No. Just...no. It's too fine. The tension does not work. Calista says they do not reccommend using it as a bobbin thread, so turns out I was just being a dummy on this test.

Test 3: Piecing, you say?
By this point, I was feeling pretty smug. No one can dethrone my monofilament baby! Well, what about that claim about being awesome for piecing. I made my first seam with InvisaFil in the top and bottom of my machine and...my reaction.

It's one of those things where you can't un-experience the beauty that you just witnessed. InvisaFil makes some sexy seams. Like you can see there is a seam, but it feels non existent on your block (in a good way) Things feel more accurate, more flat, more right. I actually felt like a disgusting traitor to Aurifil...I really love this for machine piecing. I've already purchased a couple spools for exactly that purpose.
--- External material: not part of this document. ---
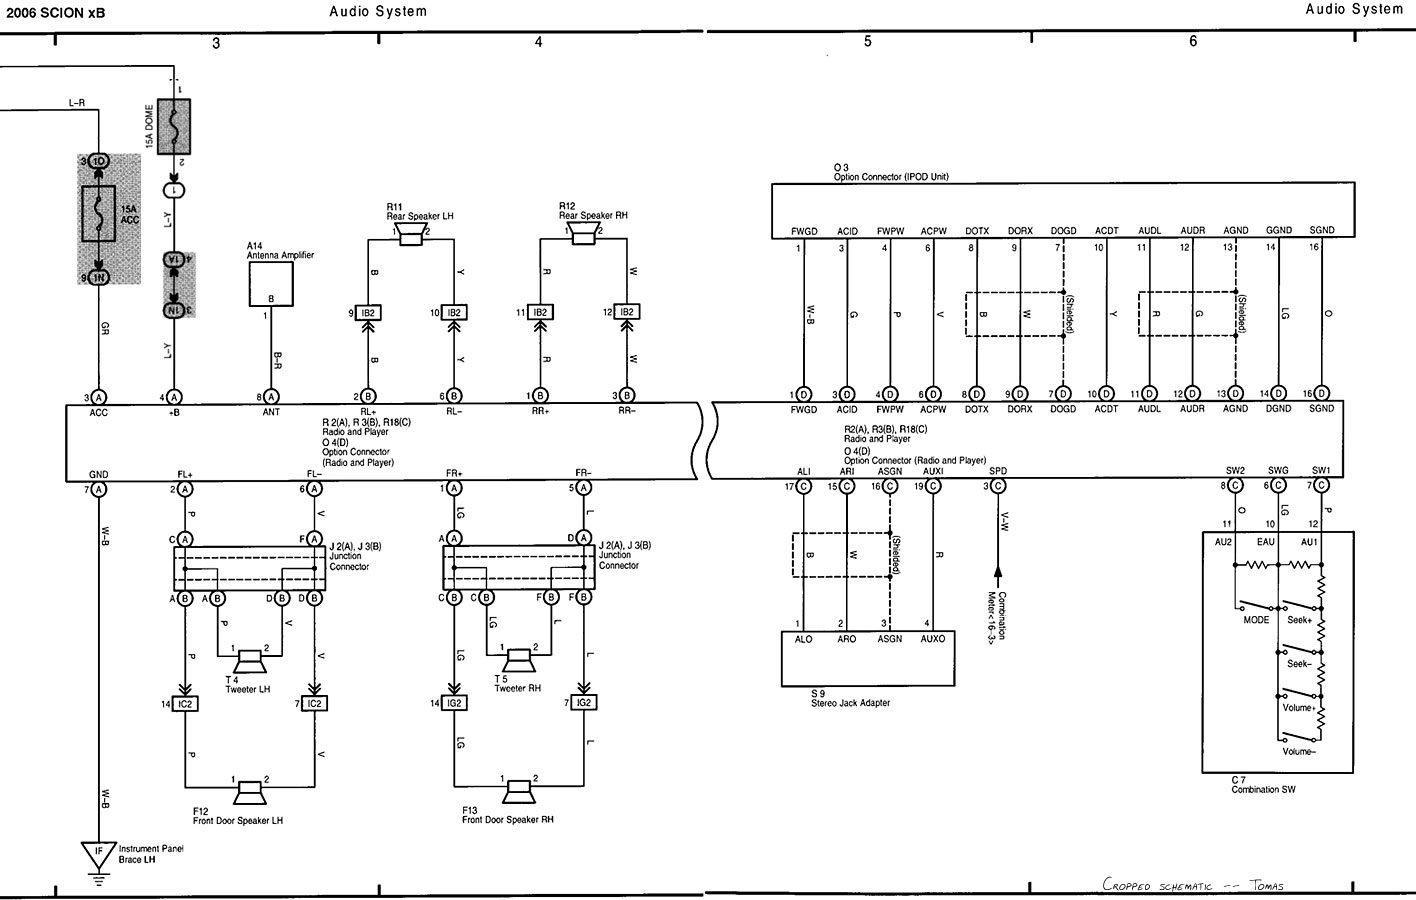 Scion Tc Headlight Wiring Harness Best Secret Diagram Connector 2011 Diagrams Rh 41 Shareplm De 2006 Headlights

Calista told me that this thread is also popular for English paper piecing, so I gave it a shot when starting out on my Tula Nova. After the first round of pentagons, I ended up switching back to Aurifil 50wt. The Invisafil wasn't a very "obedient" hand piecing thead (see this doodle I did of it in my visual journal). It felt slippery and kept coming unthreaded from my needle. Not fun! The thinness of the thread also means the knots I'd make when starting to sew weren't very large. They'd pass right through my fabric unless I spent time making them super bulky. Finally, I experienced issues with my thread shredding and breaking while sewing. No thanks.


In conclusion
Is Wonderfil a replacement for monofilament thread. No? they're different animals. I will stick with Aurifil monofilament for machine quilting and applique. If you have the budget and patience for color matching, it might be worth your time and money to try it out if you don't like monofilament for some reason. BUT, it is a disgustingly nice machine piecing thread, and I've already purchased more for that purpose alone.